It’s been nearly 70 days since CFOs — along with the rest of the world — first took stock of the trade war ignited by President Trump’s initial plan to slap tariffs on imports from Canada, Mexico and China.
Last week Trump went all-in on the levies, unleashing plans for a universal baseline of 10% along with new tariffs targeting long-time trading partners. The moves convulsed equity markets and spurred backlash from leaders on Wall Street voicing concern that the sweeping tariffs spell the end of the post-World War II era of free trade.
As Trump quickly shifts U.S. trade policy — demonstrated Wednesday with his 90-day pause on some tariffs — finance leaders during the past week assessed the risks from the newest tariff forays while helping their organizations get their footing against a murky future.
“The mixed signals and constant head-fakes are wearing thin. What [CFOs] really want is clarity on tariffs,” Jack McCullough, founder and president of the CFO Leadership Council, who on Monday described fatigue as the driving emotion among finance chiefs he’d been in touch with about their outlook. “Even if the policy isn’t ideal, having a clear direction would allow them to steer their companies and make informed plans. Uncertainty is the real enemy here.”
Aligning on price impacts
Aside from one CFO in the manufacturing sector who feels the tariffs will level the playing field with other countries, McCullough says the finance chiefs he’s spoken to don’t believe a prolonged trade war will be good for business or the broader economy.
One was fearful that their customers may seek out other suppliers and stick with them even if the tariffs are lifted, he said. CFOs are also concerned that employees may look to jump ship because rising prices may outpace their salaries.
While McCullough said he believes members are likely looking to hedge their financial positions and potentially hold more cash, many say they are spending time reaching out to partners, suppliers and customers to make sure they are supporting one another and being “candid” about price increases. They are seeking to signal their willingness to work together: “The message is that we are all in this together, we’ll get through this together,” McCullough said in an email Monday.
More cash than usual
Even CFOs who are not directly affected by tariffs on goods are adjusting their strategies and closely watching the news.
After Trump’s April 2 tariff announcement Pratap Daruka, CFO of AI and data analytics services company Tredence, said the company reviewed its client portfolio, especially in sectors like manufacturing, consumer goods, and retail, which often react to rising costs by cutting budgets, which can affect analytics and AI projects. The San Jose, California-based company also updated its financial plans to prepare for any delays or changes, increased its cash reserves to stay flexible, tightened internal cost controls and reviewed ongoing investments. The idea, he said, is to stay flexible instead of waiting and reacting later.

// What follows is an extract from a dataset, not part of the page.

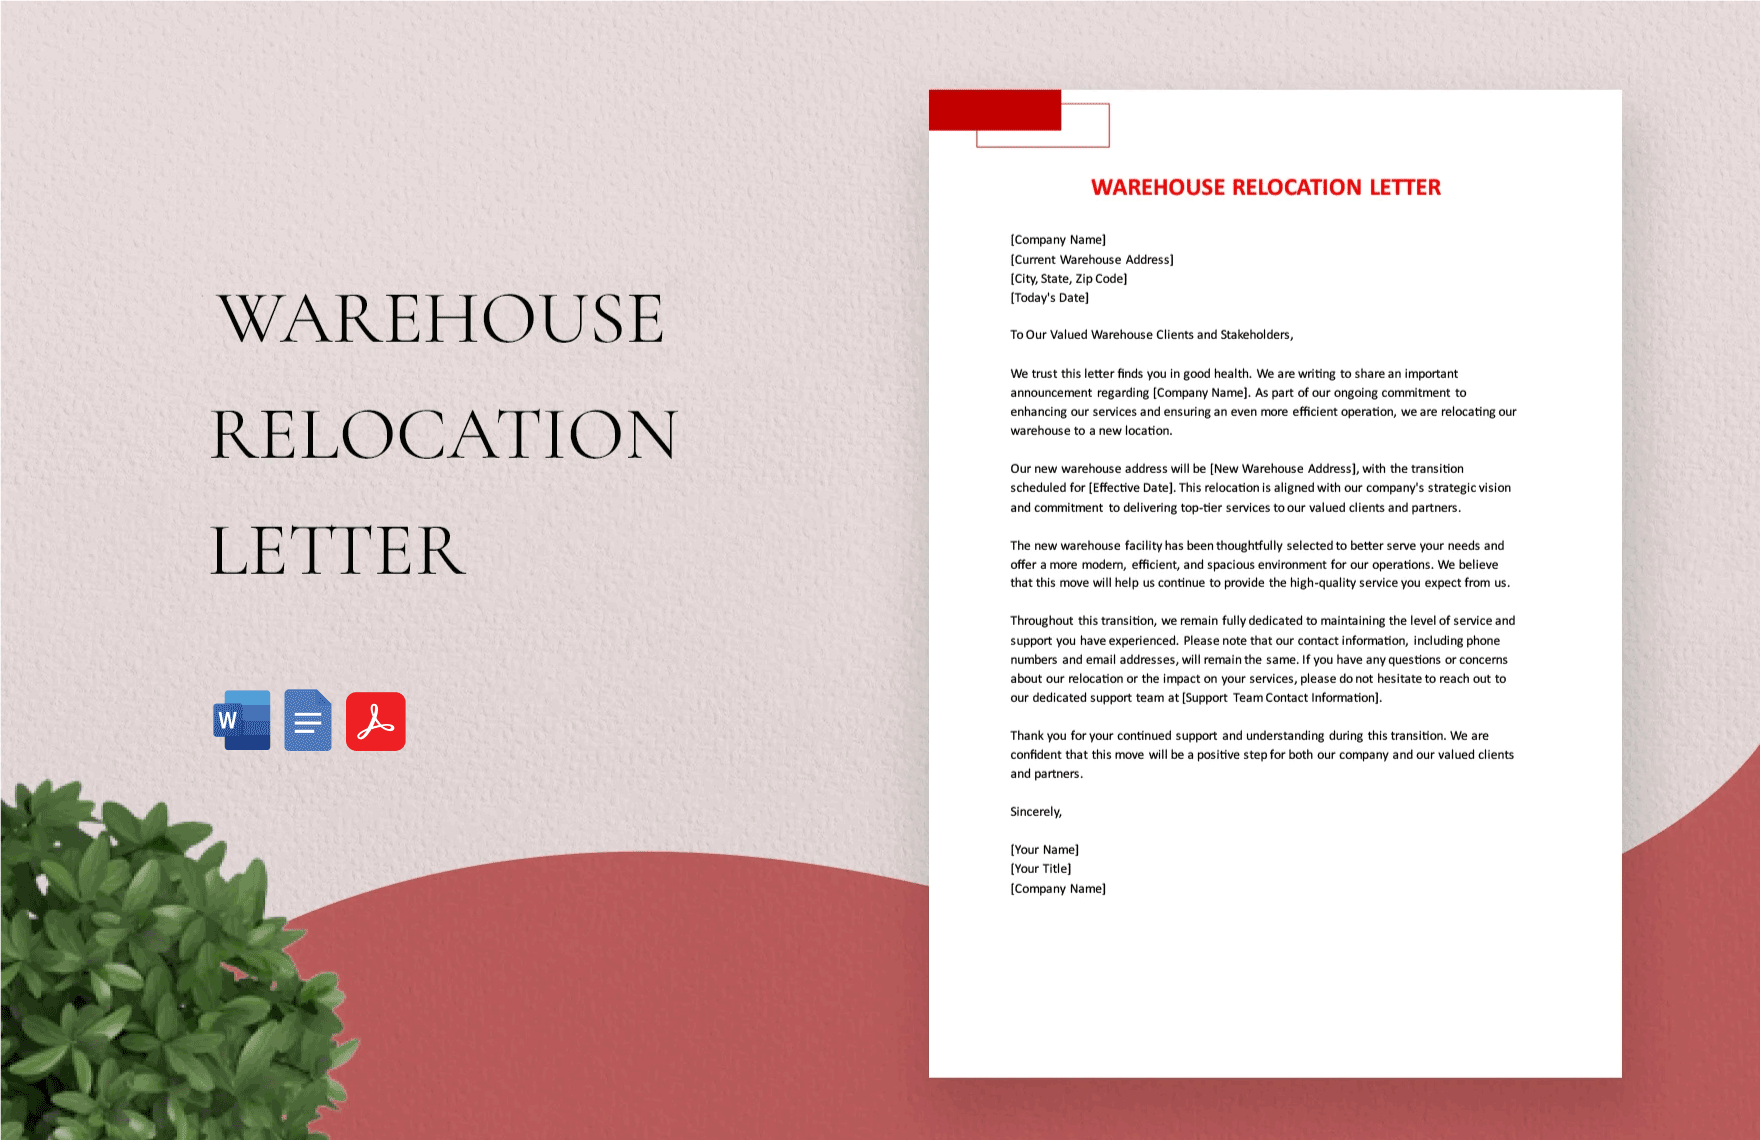 Warehouse Relocation Letter in Word, Google Docs, PDF

Recent declines in the stock market and bond yields have also led Tredence to focus more on flexibility and liquidity, putting off non-urgent and long-term spending as well as keeping a close eye on and hedging currency risk and prioritizing cash, he said. “We are holding more cash than usual,” he said in an email response to questions before Wednesday’s tariff pause. “Not out of fear, but to be ready for opportunities like mergers, new locations, or early client needs.”
Staying the course
Orbia Advance CFO Jim Kelly said he has been preparing for potential tariff disruptions since Trump was on the campaign trail and was unfazed by the April 2 announcements.
“We have stayed on course with the planning that we did leading up to the announcement of the tariffs, which essentially means being ready to react in the ever-changing environment,” Kelly said in an email Wednesday before the tariff pause was announced. Given the business’s structure, its most significant exposure is the tariff’s impact on trade between the U.S. and Mexico. But at least as it stands now, he said United States-Mexico-Canada-Agreement-compliant transactions are not impacted by the latest tariff announcements.
Among the steps that the company has pursued to protect itself against the tariffs are strategic inventory management, meaning getting inventory shipped to the U.S. before the tariffs; paving the way for raising prices by by talking to customers about the possibility of higher costs; and ensuring logistical flexibility to warehouse more or less goods in different locations as needed.
Pandemic lessons
The tariffs are also delivering some headwinds for new finance chiefs like Sanjay Khetan, a former PepsiCo executive, who took the CFO seat at Baked by Melissa, the New York-based dessert company, on March 10. While he aims to work with the executive team to increase distribution across all channels, if the tariffs remain in place he sees volatility in supply chains and hesitancy in consumer spending as the biggest risks.
In some ways he believes he may be able to draw on lessons learned when he was CFO of PepsiCo’s eCommerce business as the COVID-19 pandemic hit in 2020. As consumer behavior shifted with stay-at-home mandates, he had to find ways to manage the changes.
“Navigating this shift so PepsiCo could retain and provide products to their consumers required us to work closely with internal operations, finance and sales teams as well as execute careful coordination with our online retail partners,” Khetan said in an email Tuesday. “Many of the lessons learned during that time may be directly applicable here — in varying degrees of course.”